Até o final do segundo ato de “Os Miseráveis”, a narrativa transcorre de forma agradável e dinâmica. Notando-se que os dois terços iniciais ocupam menos de uma hora das duas horas e vinte sete minutos do longa-metragem, a sensação de estranhamento se faz presente. Afinal, por que correr com situações interessantes do inicio da história? Com o inicio do pretensioso terceiro ato, logo se encontra a resposta. Aqui, Hooper procura retratar o romance da agora jovem Cosette (Amanda Seyfried) e Marius (Eddie Redmayne), um jovem idealista, e ao mesmo tempo também discorrer sobre o prólogo da Revolução Republicana de um ponto de vista poético. Lógico que a trama degringola. Acreditando na capacidade emblemática das canções, Tom Hooper guarda a terceira parte do filme para conjugar excessivas canções de teor dramático. Resultado: números musicais interessantes, como o passado nas barricadas criadas pela resistência francesa, tem sua condição tocante esvaziada pela seqüência maçante de cantoria, sempre esticadas ao máximo.

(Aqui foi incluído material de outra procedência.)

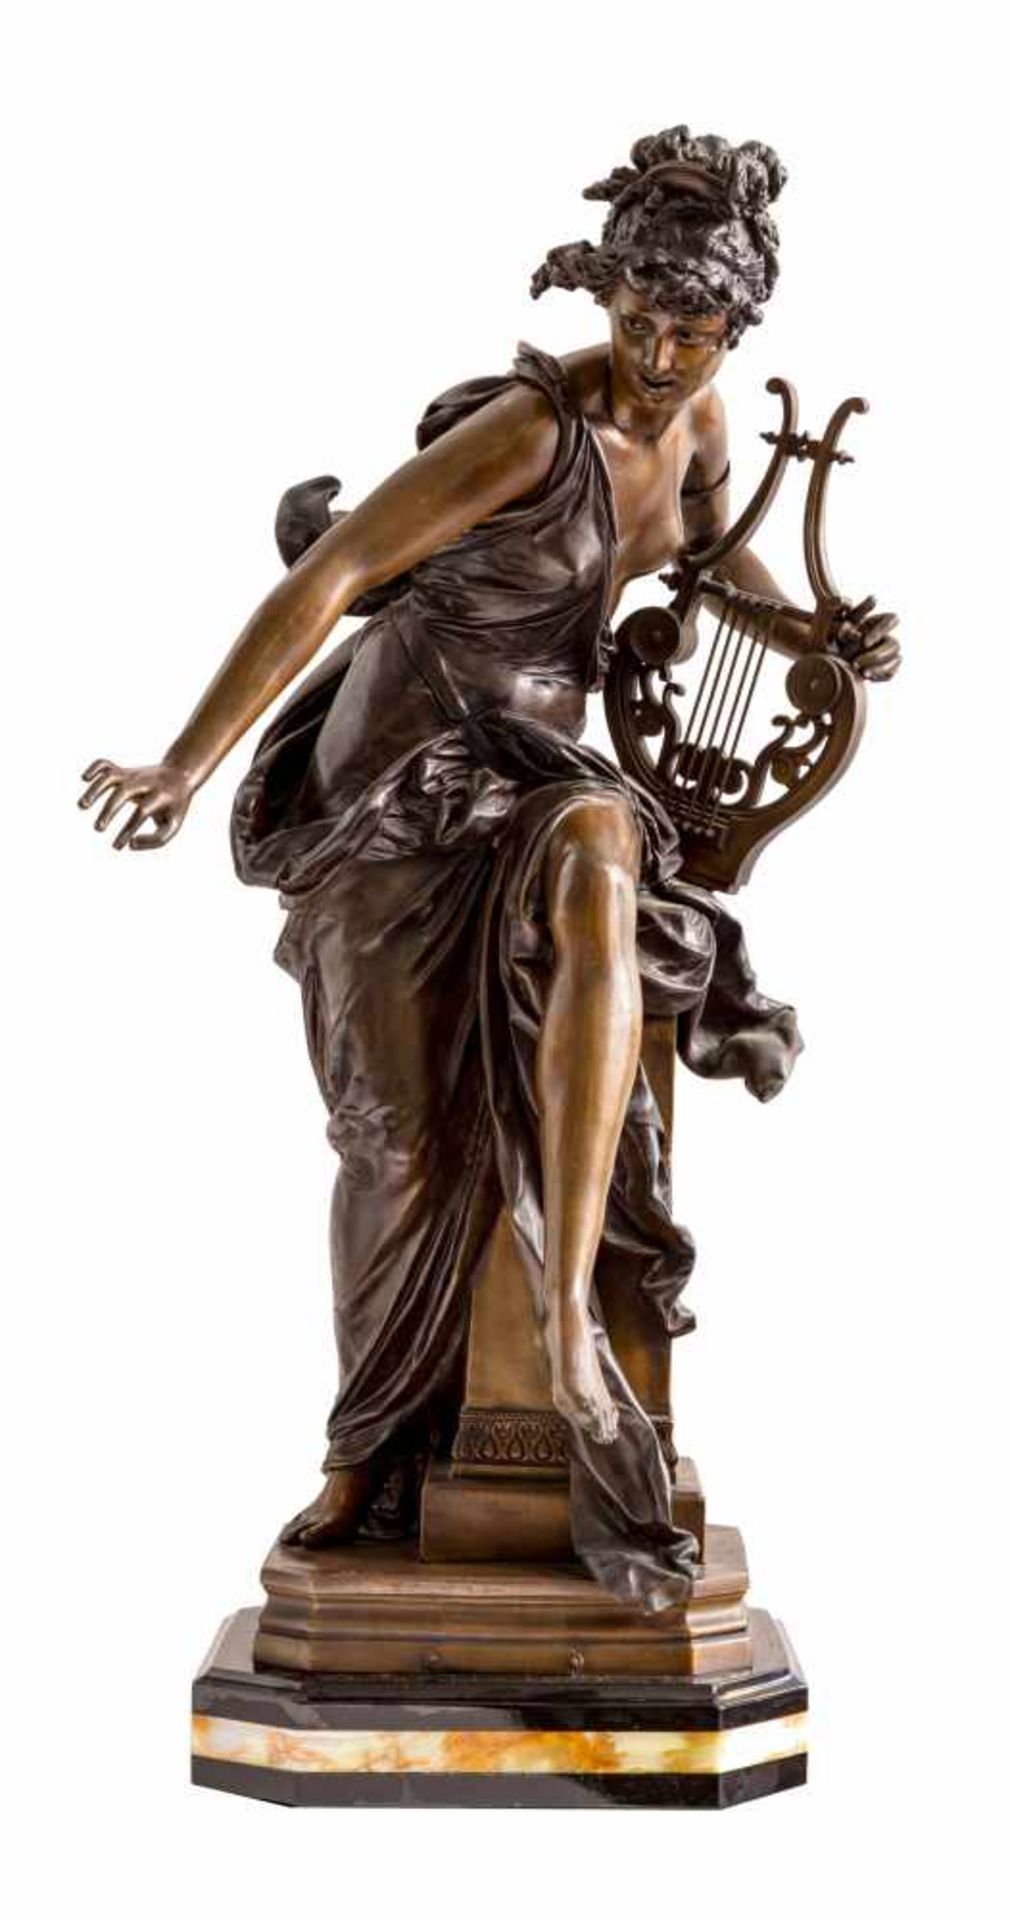 ALBERT CARRIER-BELLEUSE (1824-1887)HarmonieSculpture en bronze à patine brun et médaille, s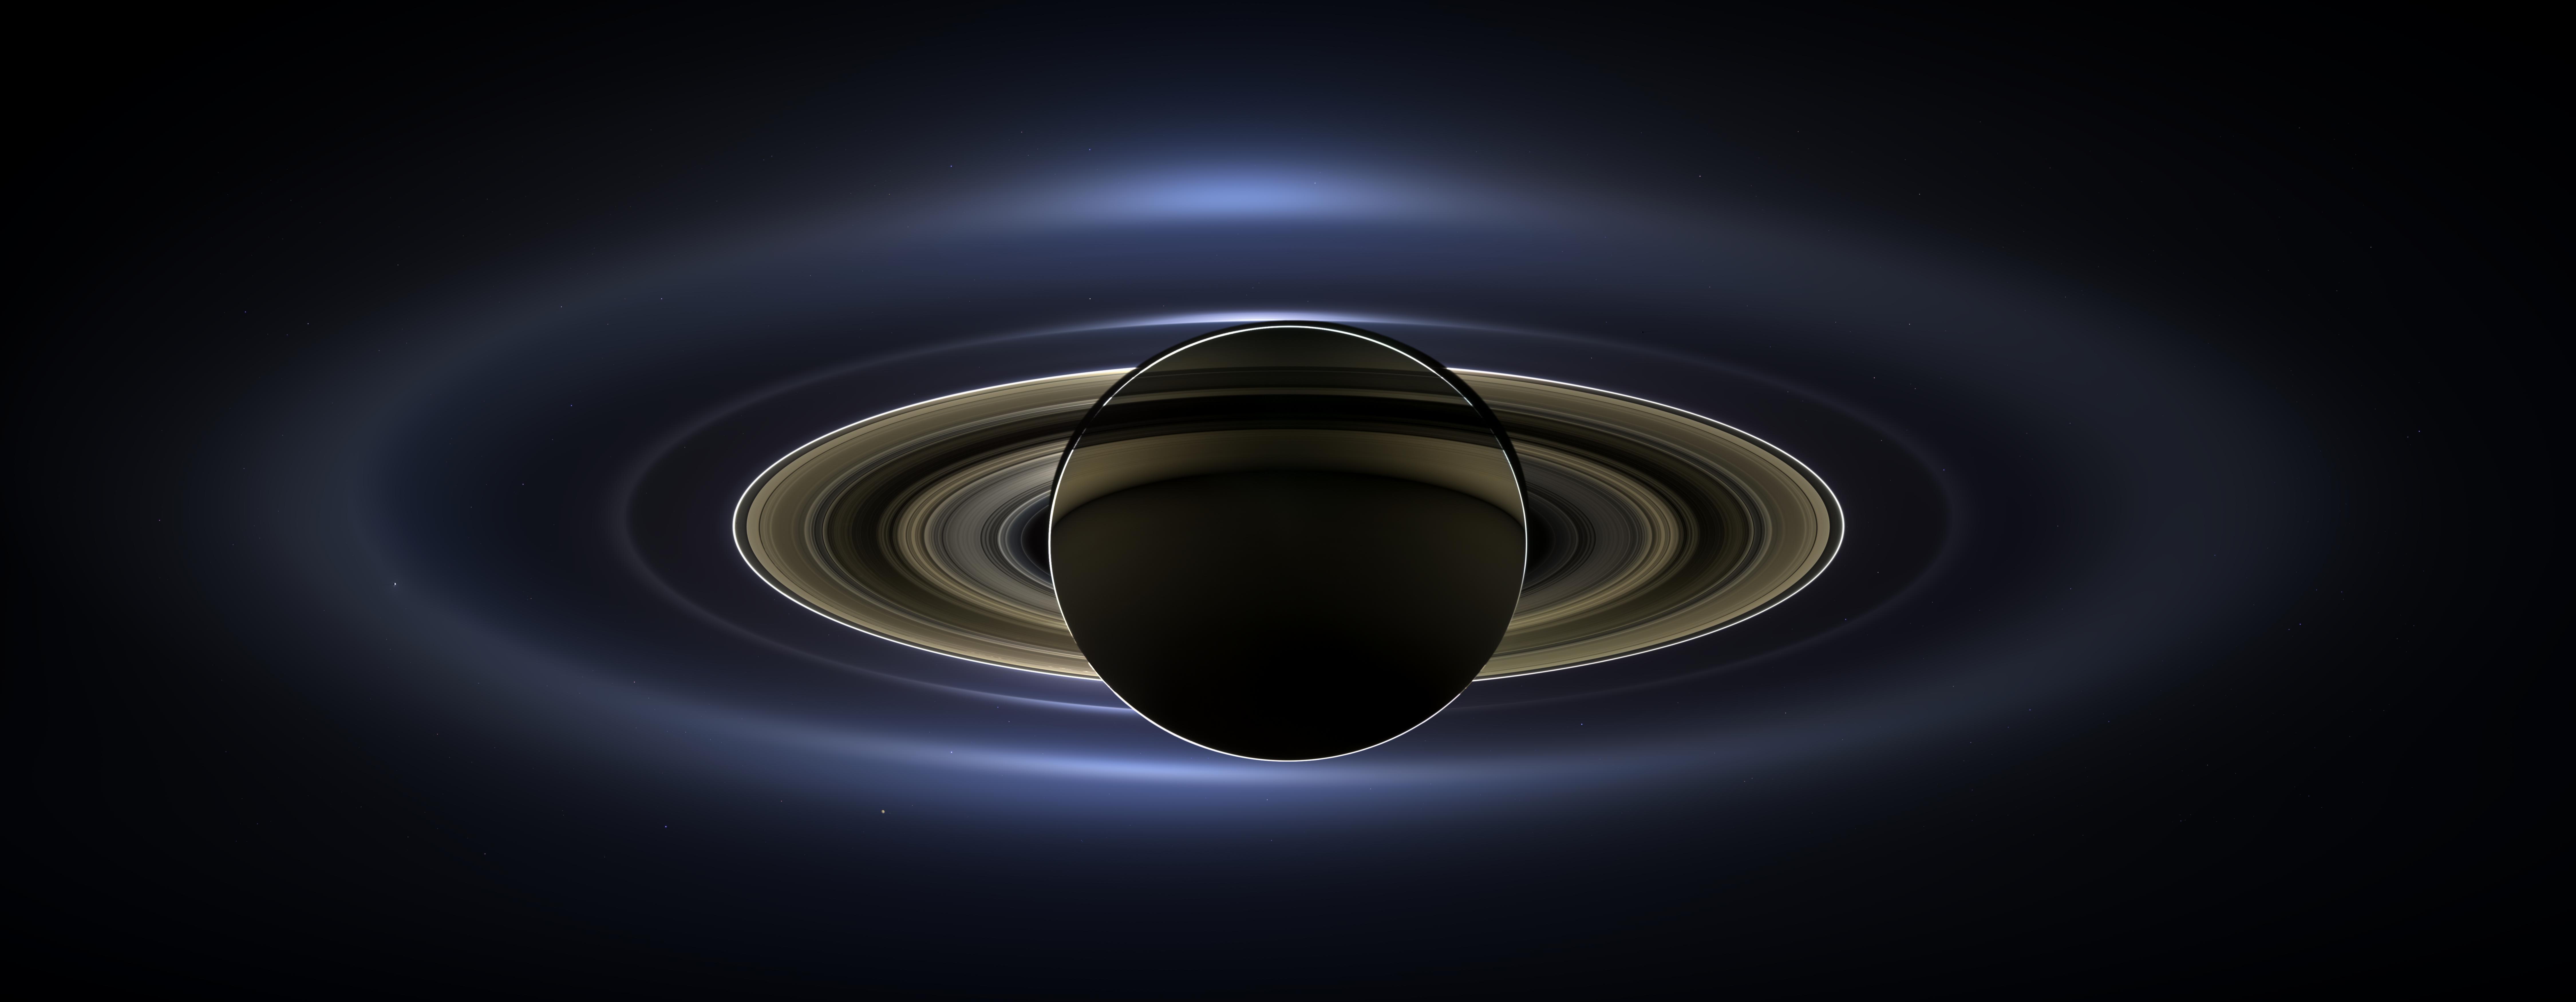 NASA Cassini затмевает кольца Сатурна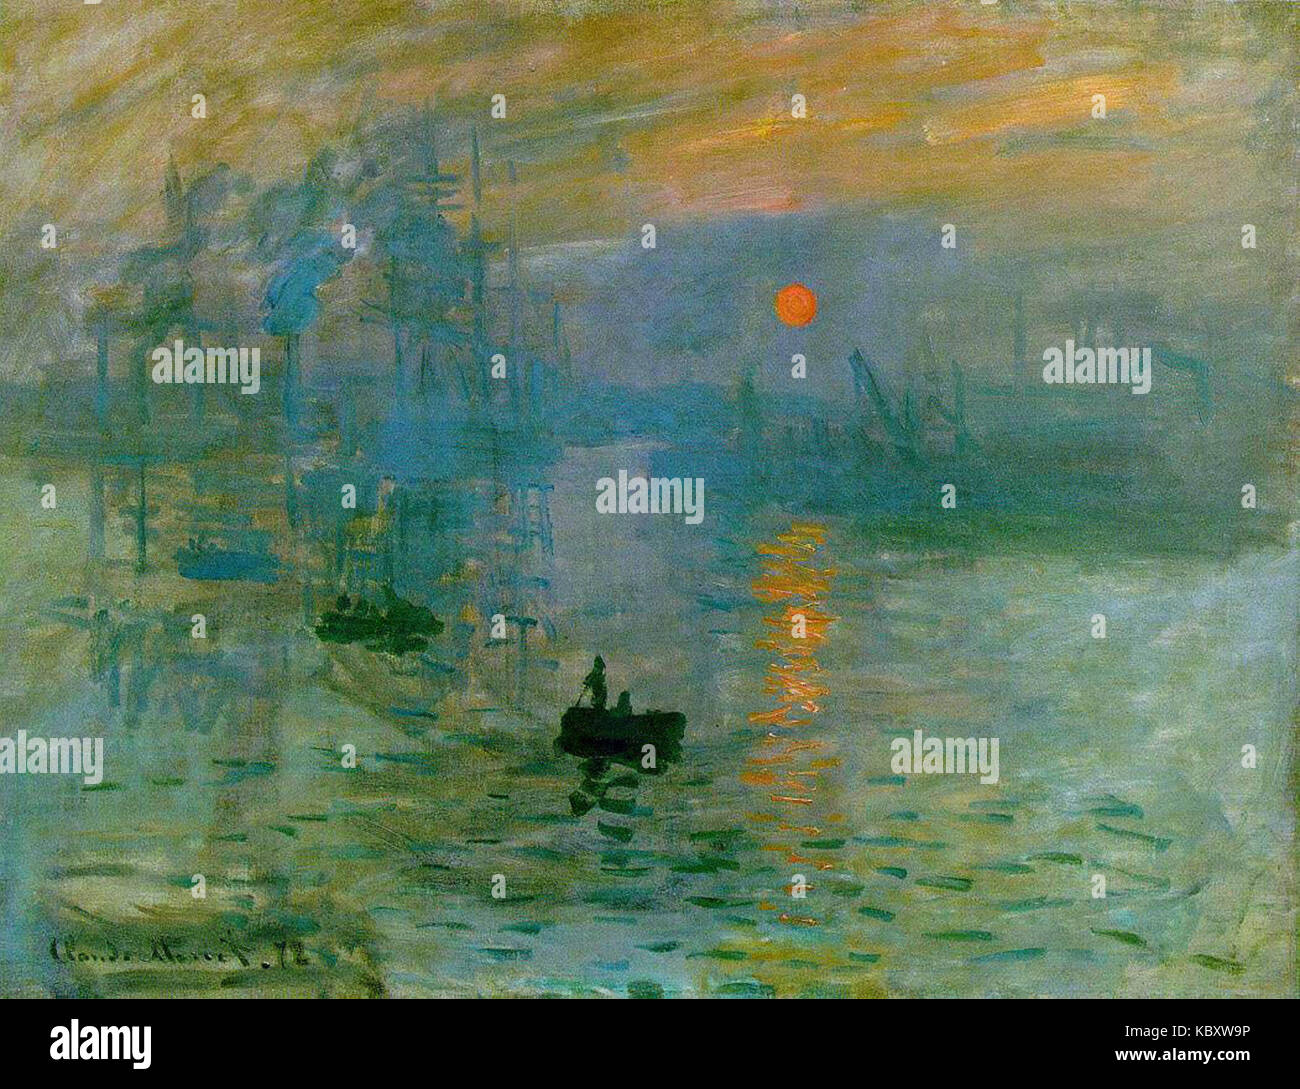 Claude Monet, Impression, soleil levant, 1872 Stock Photo

Se o figurino e a direção de arte de “Os Miseráveis” são competentes, não se pode dizer o mesmo da fotografia. Ordinária, pouco se preocupa em engrandecer o filme. A câmera de Tom Hooper sempre trabalhando bem próximo aos atores, ressalta até essa pegada teatral que o diretor procura trazer para o filme. Em contrapartida as considerações negativas, a obra traz algumas atuações inspiradas, destaque absoluto para Hugh Jackman. Bem à vontade no papel, até pela sua experiência em musicais na juventude, Jackman é a força motriz da obra e sem ele, era bem provável que o filme naufragasse totalmente. Infelizmente, Russell Crowe não tem atuação compatível ao seu adversário. Apesar de afinado, as suas interpretações são sempre entediantes.  A atriz Anne Hathaway tem o momento ápice do filme, enquanto Amanda Seyfried entrega uma atuação burocrática. Os atores Eddie Redmayne e Aaron Tveit são coadjuvantes com bons momentos, até mais pela condição revolucionária de seus personagens do que pela cantoria. Enfim, acredito que Os Miseráveis deve agradar na mesma medida que irá desagradar, contudo, chegar ao seu final sempre será uma extenuante maratona.

INDICAÇÕES (3 vitórias):
1. Melhor Filme: Cameron Makintosh, Debra Hayward, Eric Fellner e Tim Bevan
2. Melhor Ator: Hugh Jackman
3. Melhor Atriz Coadjuvante: Anne Hathaway – venceu
4. Melhor Direção de Arte: Anna Lynch-Robinson e Eve Stewart
5. Melhor Figurino: Paco Delgado
6. Melhor Maquiagem: Julie Dartnell e Lisa Westcott – venceu
7. Melhor Mixagem de Som: Andy Nelson, Mark Peterson e Simon Hayes – venceu
8. Melhor Canção Original: Suddenly, de Alain Boublil, Claude-Michel Schönberg e Herbert Kretzmer.